士農工商
しのうこうしょう
名詞
標準
hierarchy of samurai, farmers, artisans, and merchants in Edo society
文例 · 用例
上は摂政関白武将より下は士農工商あらゆる階級の間に行なわれ、これらの人々の社会人としての活動生活の侶伴となってそれを助け導いて来たと思われる。
— 寺田寅彦 『俳諧の本質的概論』 青空文庫
河童の一肩、聳えつつ、「芸人でしゅか、士農工商の道を外れた、ろくでなしめら。
— 泉鏡花 『貝の穴に河童の居る事』 青空文庫
士農工商という順序に従えば、私は大工の息子です、ずっと身分が下であります。
— 太宰治 『風の便り』 青空文庫
士農工商師匠のこせついたのは見苦しいが、ことの序でに戒めて置くぞ。
— 織田作之助 『猿飛佐助』 青空文庫
昔から士農工商というが、あれは誠と嘘との使いわけの程度によって、順序を立てたので、仕事の性質がそうなっているのだ。
— 有島武郎 『親子』 青空文庫
今日の社会は経済的関係なるが故に、士農工商如何なる職業のものも生活を談じ米塩を説いて少しも憚からず。

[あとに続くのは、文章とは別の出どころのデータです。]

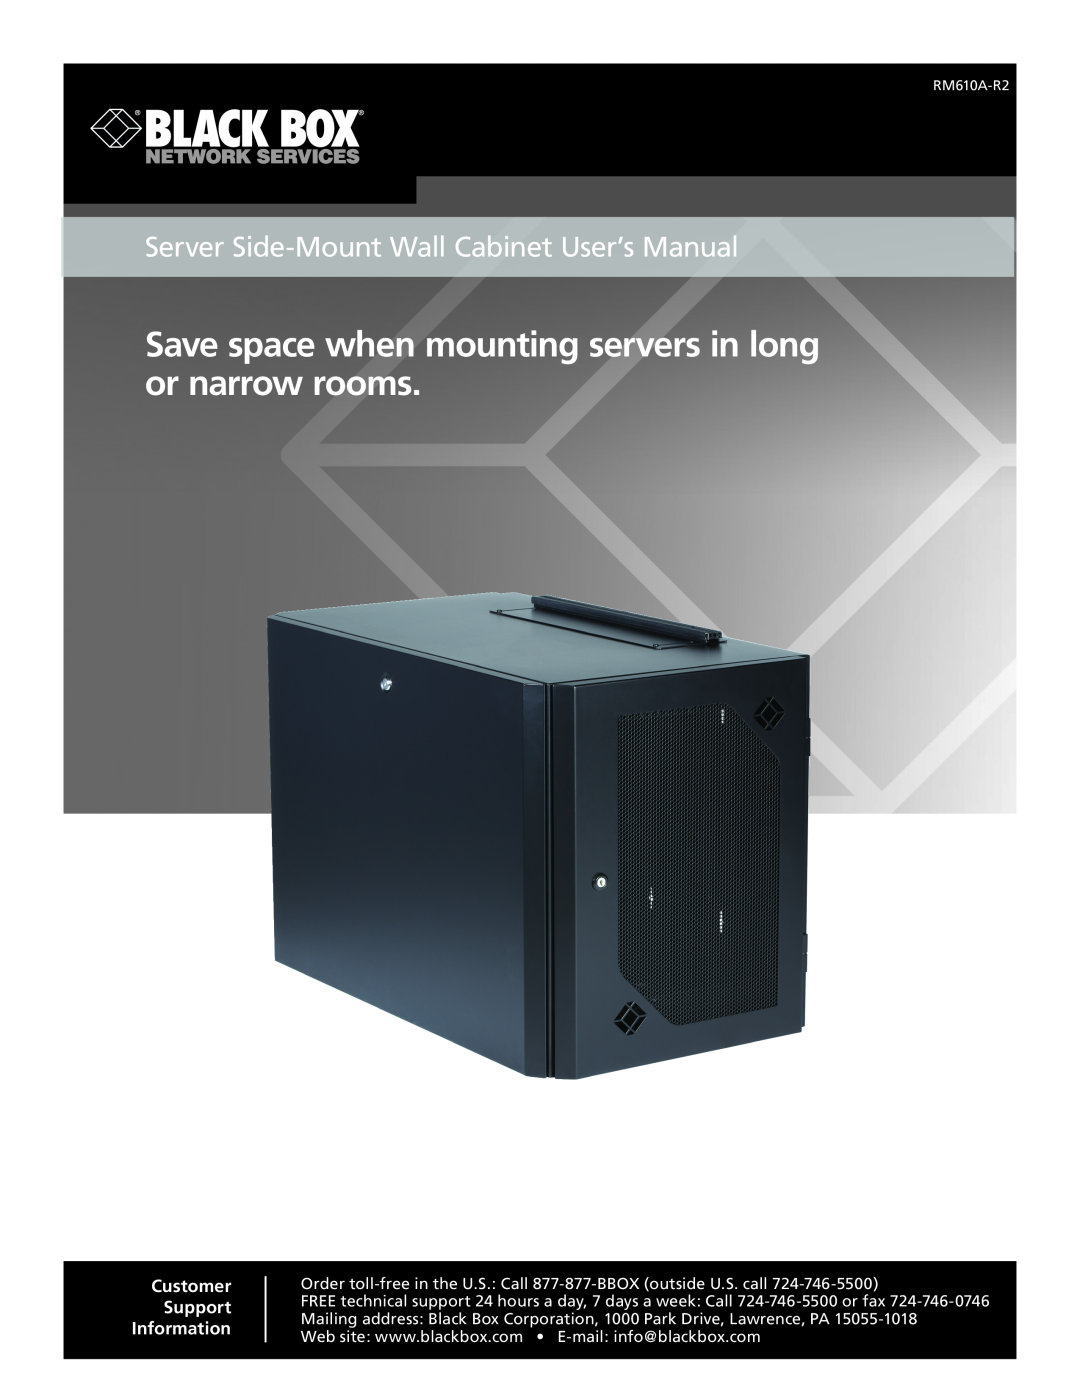 Black Box Server Side-Mount Wall Cabinet, RM610A-R2 user manual Server Side-MountWall Cabinet User’s Manual

— 内田魯庵 『二十五年間の文人の社会的地位の進歩』 青空文庫
江戸に住まって江戸の人間になろうとするにゃ、ご藩士ご家中お大名仕えの者はいざ知らず、その他の者は、士農工商いずれであろうと、もよりもよりのお寺に人別届けをやって、だれそれ子どもが何人、父母いくつと寺受けをしてもらわなくちゃならねえおきてなんだ。
— 七七の橙 『右門捕物帖』 青空文庫
事、ひとたび流血沙汰に及んだとすれば、農民達にいか程正義正当の理由があったにしても、士農工商、階級の相違、権力の相違が片手落ちならぬ片手落ちの裁きをうけて、結局悲しい処罰をうけねばならぬ者は、正しいその農民達なのです。
— 日光に現れた退屈男 『旗本退屈男 第八話』 青空文庫
作例 · 標準
江戸時代の身分制度である士農工商は、必ずしも厳格な上下関係だけではなかったという説もある。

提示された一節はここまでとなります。